John O'Neill
- Full name: John Michael O'Neill
- Born: 26 April 1932 Warwick, QLD, Australia
- Died: 1995 (aged 63) Gold Coast, QLD, Australia

Rugby union career
- Position: Fullback / Wing

International career
- Years: Team / Apps / (Points)
- 1952–56: Australia / 4 / (0)

= John O'Neill (rugby union, born 1932) =

Australia international rugby union player

John Michael O'Neill (26 April 1932 — 1995) was an Australian rugby union international.

A utility back from Queensland, O'Neill was born in Warwick and made his name in schoolboy rugby with Nudgee College, going on to play representative rugby in his first season with the University of Queensland. He scored two tries for Brisbane against the touring 1951 All Blacks and was also selected for Queensland, with an injury preventing his state debut.

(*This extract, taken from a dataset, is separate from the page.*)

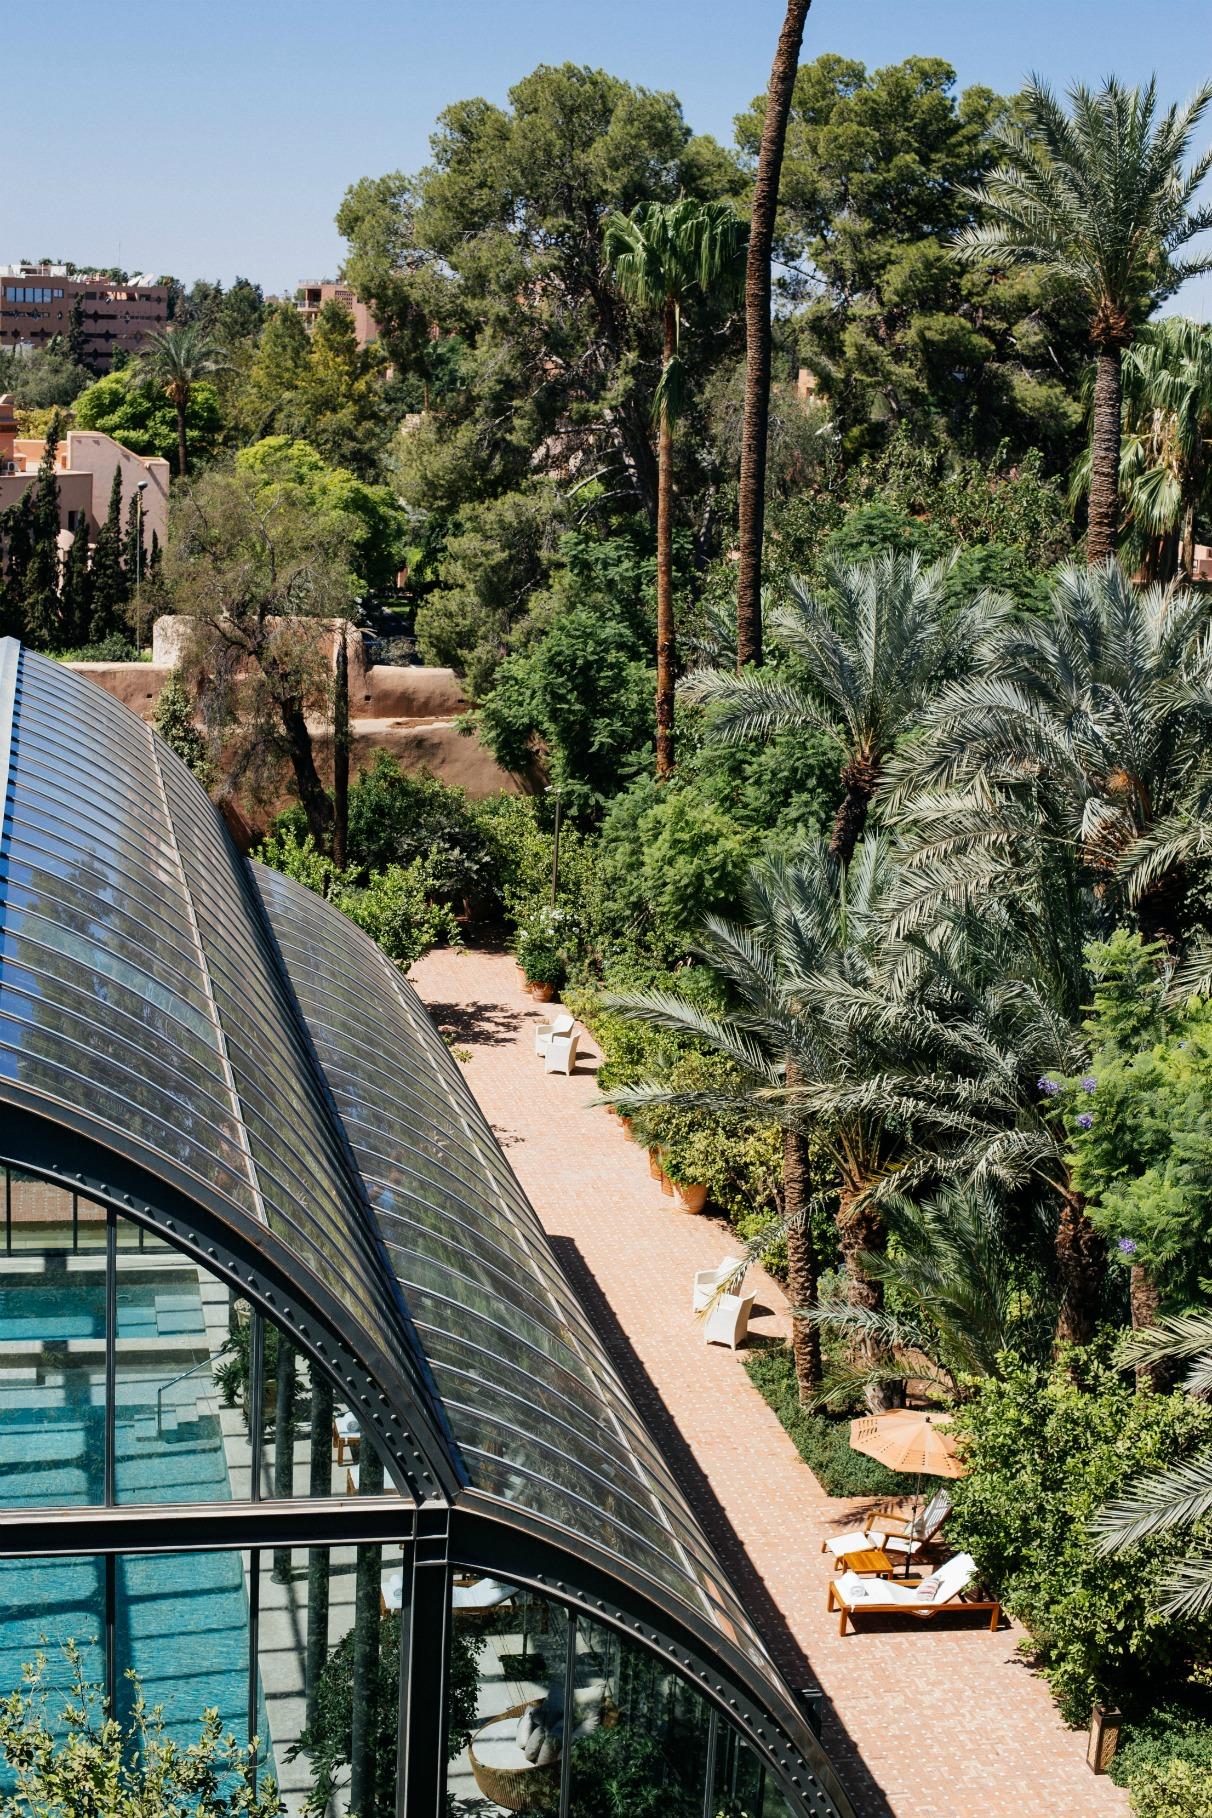 royal-mansour-hotel-luxury-marrakesch-marrakesh-morocco-edisa-shahini-disicouture-blog-15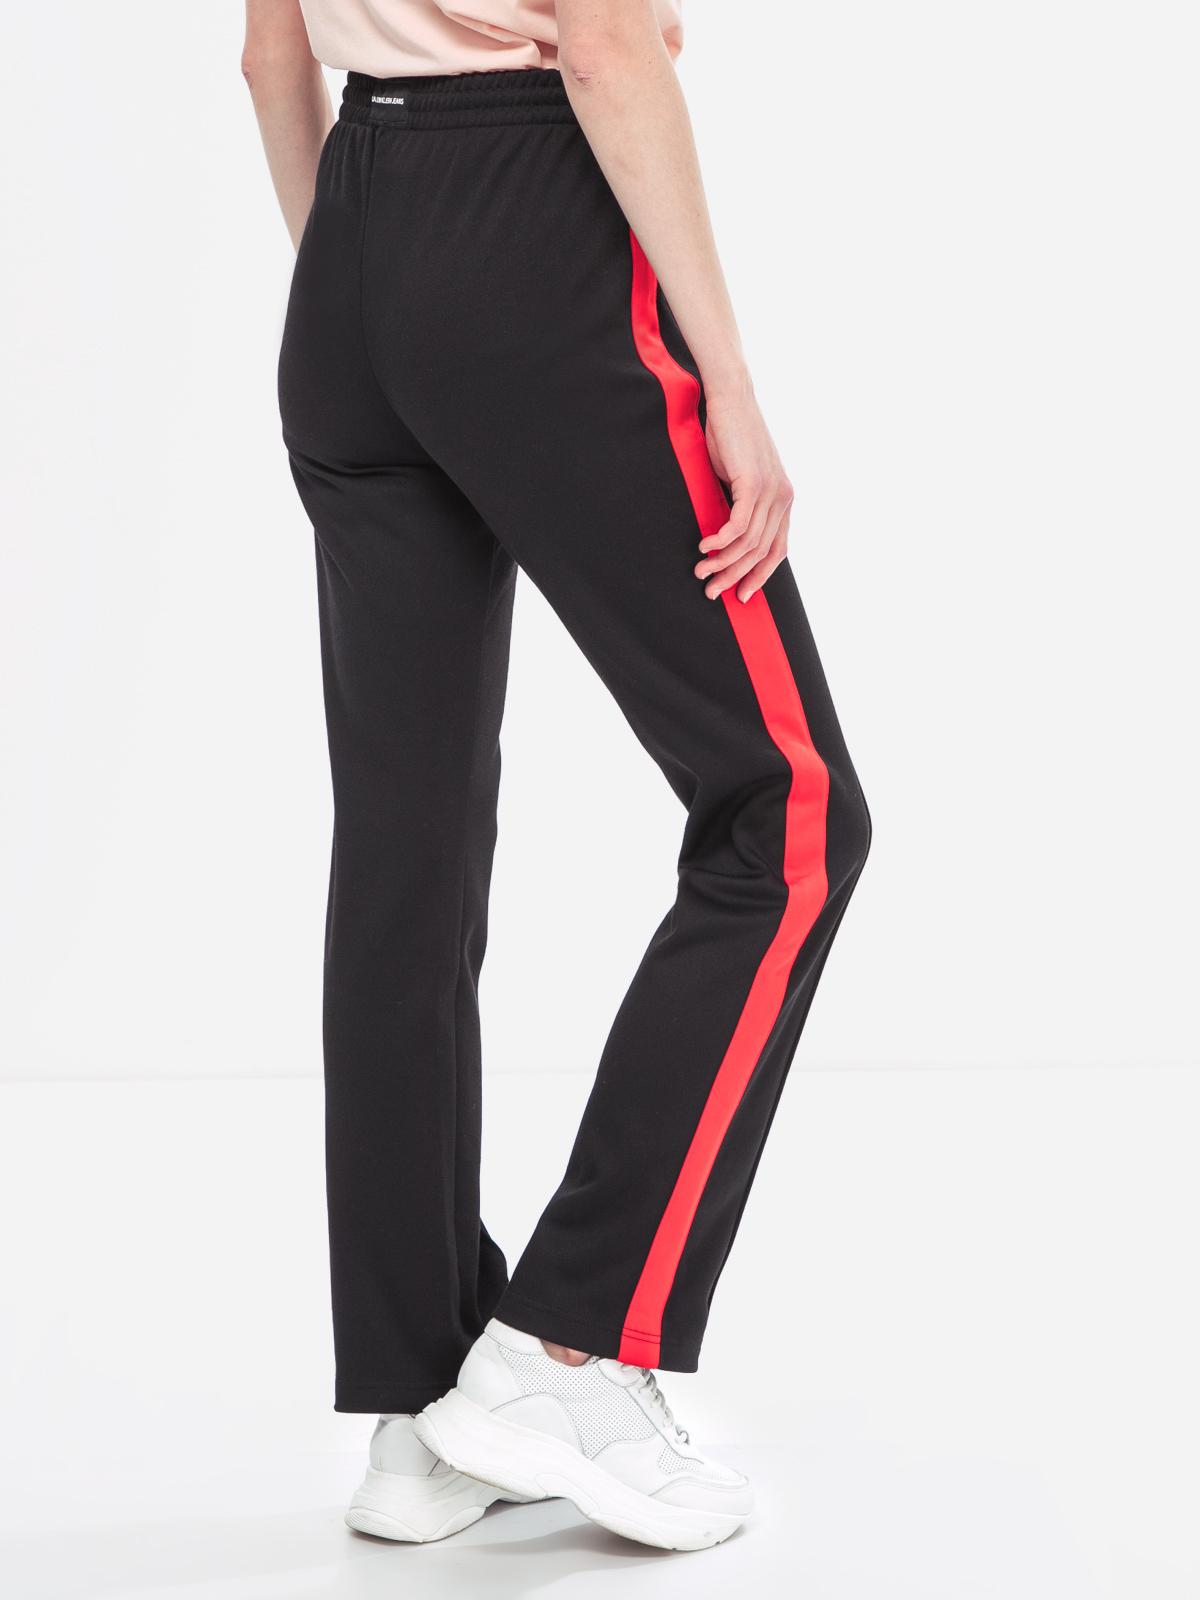 d3f4d4f8cb4 Naiste aktiivse vabaaja püksid calvin klein jeans | Newmood

O'Neill, capped four times for the Wallabies, made the 1952 tour of New Zealand, where he played on the wing in both Test matches against the All Blacks. He was unavailable for the 1953 tour of South Africa due to his medical studies but played against the Springboks in the home series three years later, gaining further Test caps in Sydney and Brisbane, this time as a fullback. While his Test appearances were as a fullback and winger, O'Neill was considered best suited to flyhalf.